• Data shown:
....
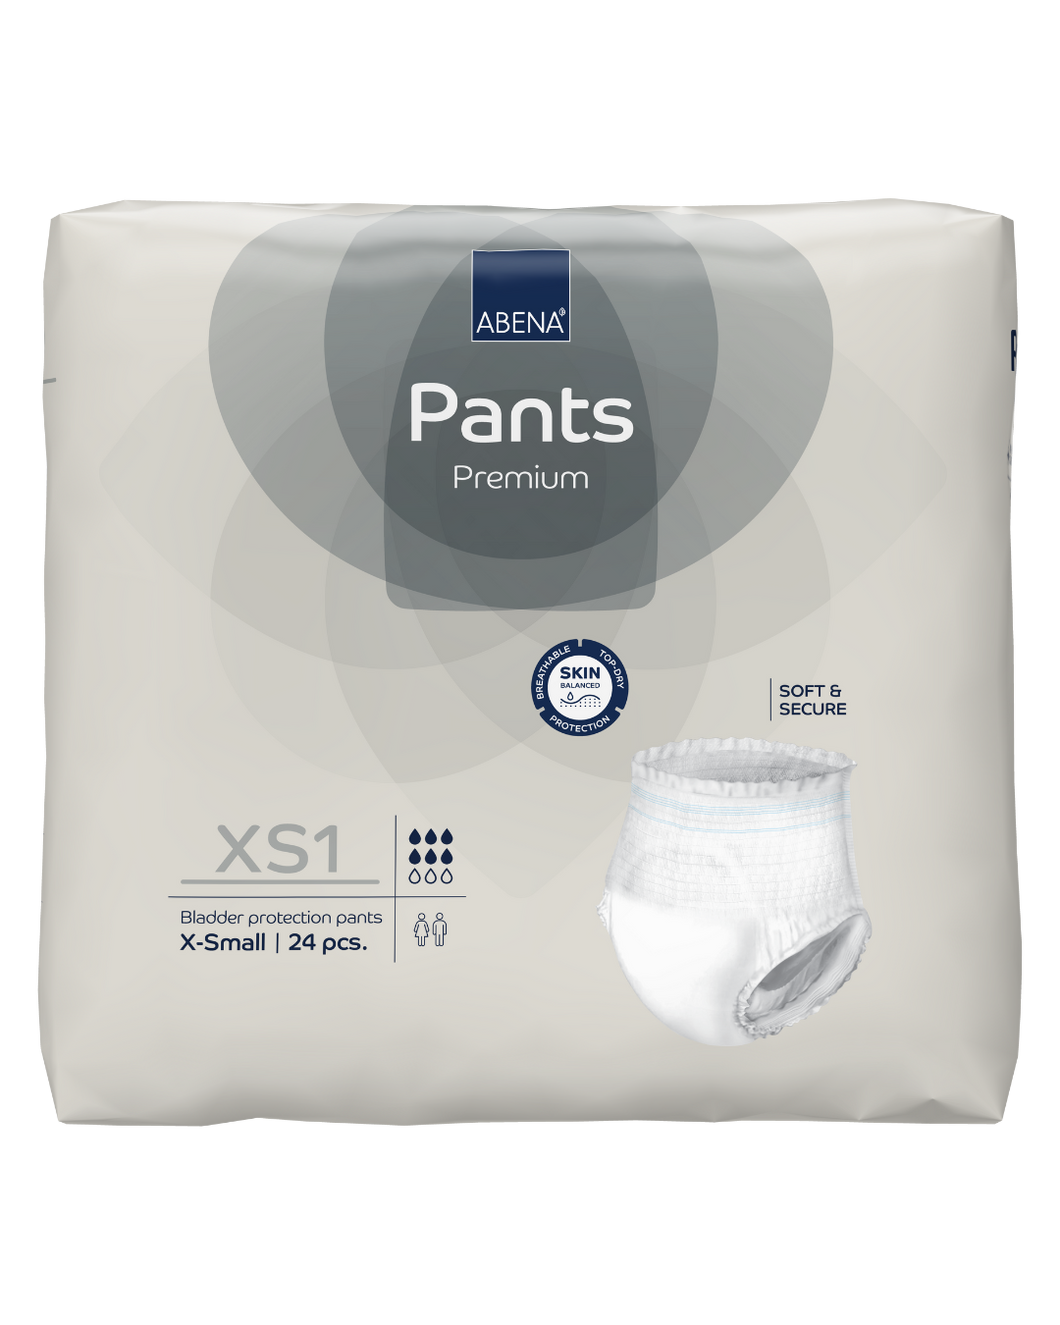 Abena Pants XS1
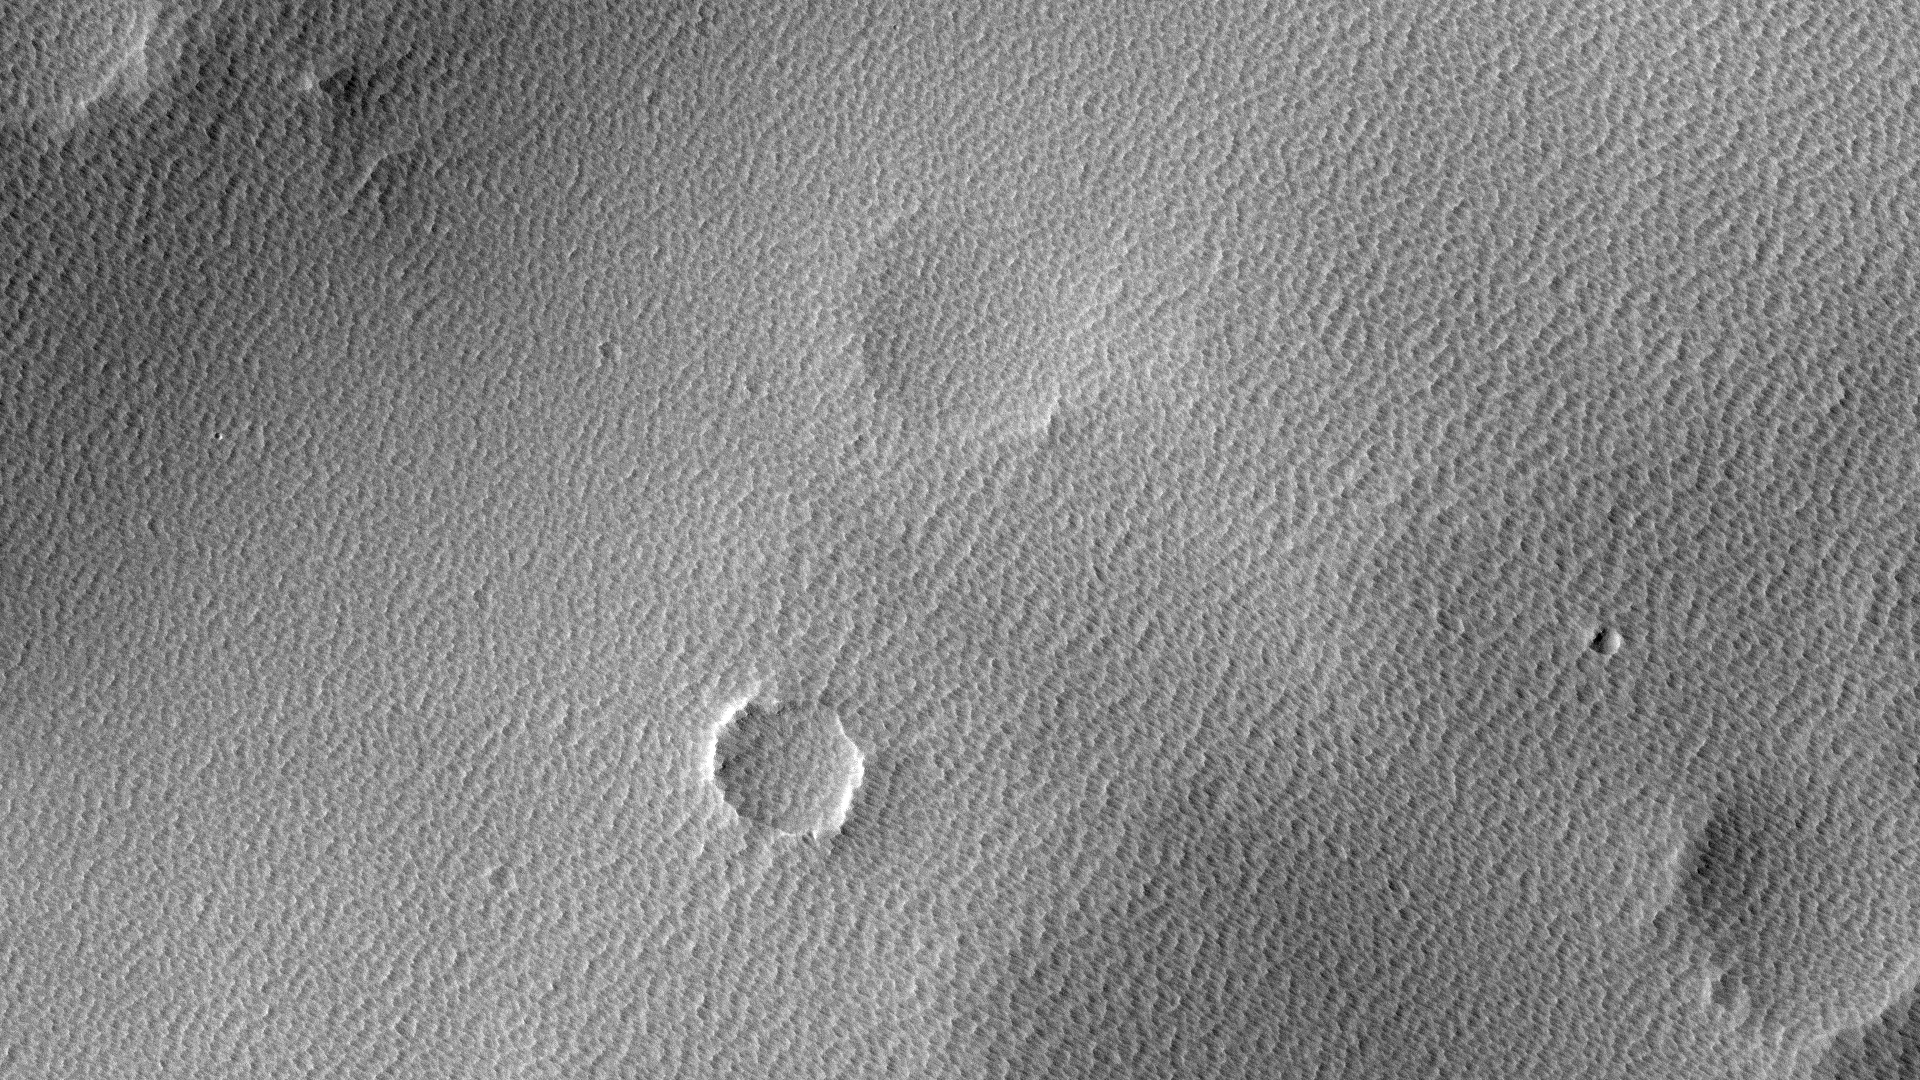 Кусочек Марса: всепоглощающая пыль
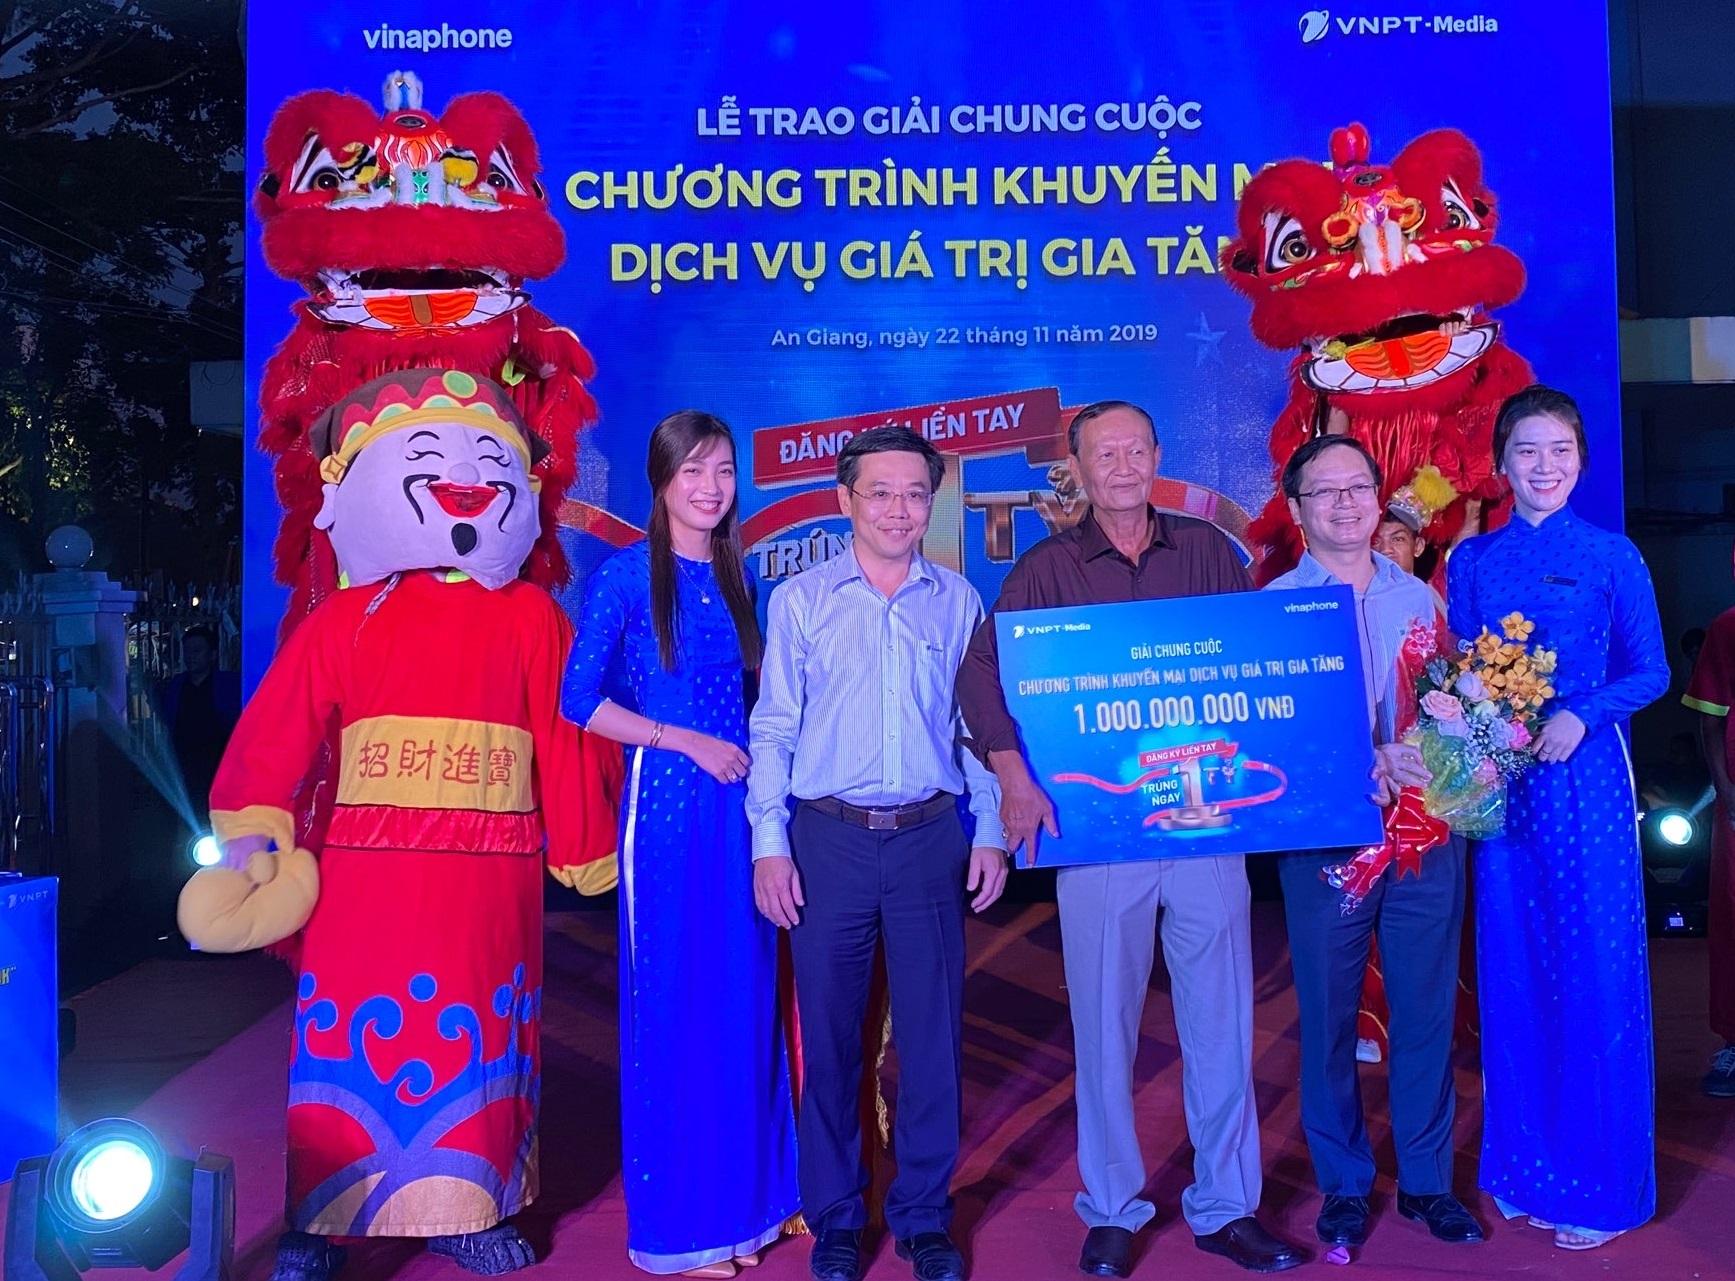 Ông Nguyễn Sơn Hải  Phó Tổng giám đốc VNPT-Media và ông Trần Thế Tuyên - Giám đốc VNPT An Giang cùng trao thưởng cho khách hàng.
....
• What to produce: The expected output is the run of lines from the one containing "Кусочек Марса: всепоглощающая пыль" to the last line of the listing above, both included, word for word and free of pictures.

• Response:
 Кусочек Марса: всепоглощающая пыль
 Ông Nguyễn Sơn Hải  Phó Tổng giám đốc VNPT-Media và ông Trần Thế Tuyên - Giám đốc VNPT An Giang cùng trao thưởng cho khách hàng.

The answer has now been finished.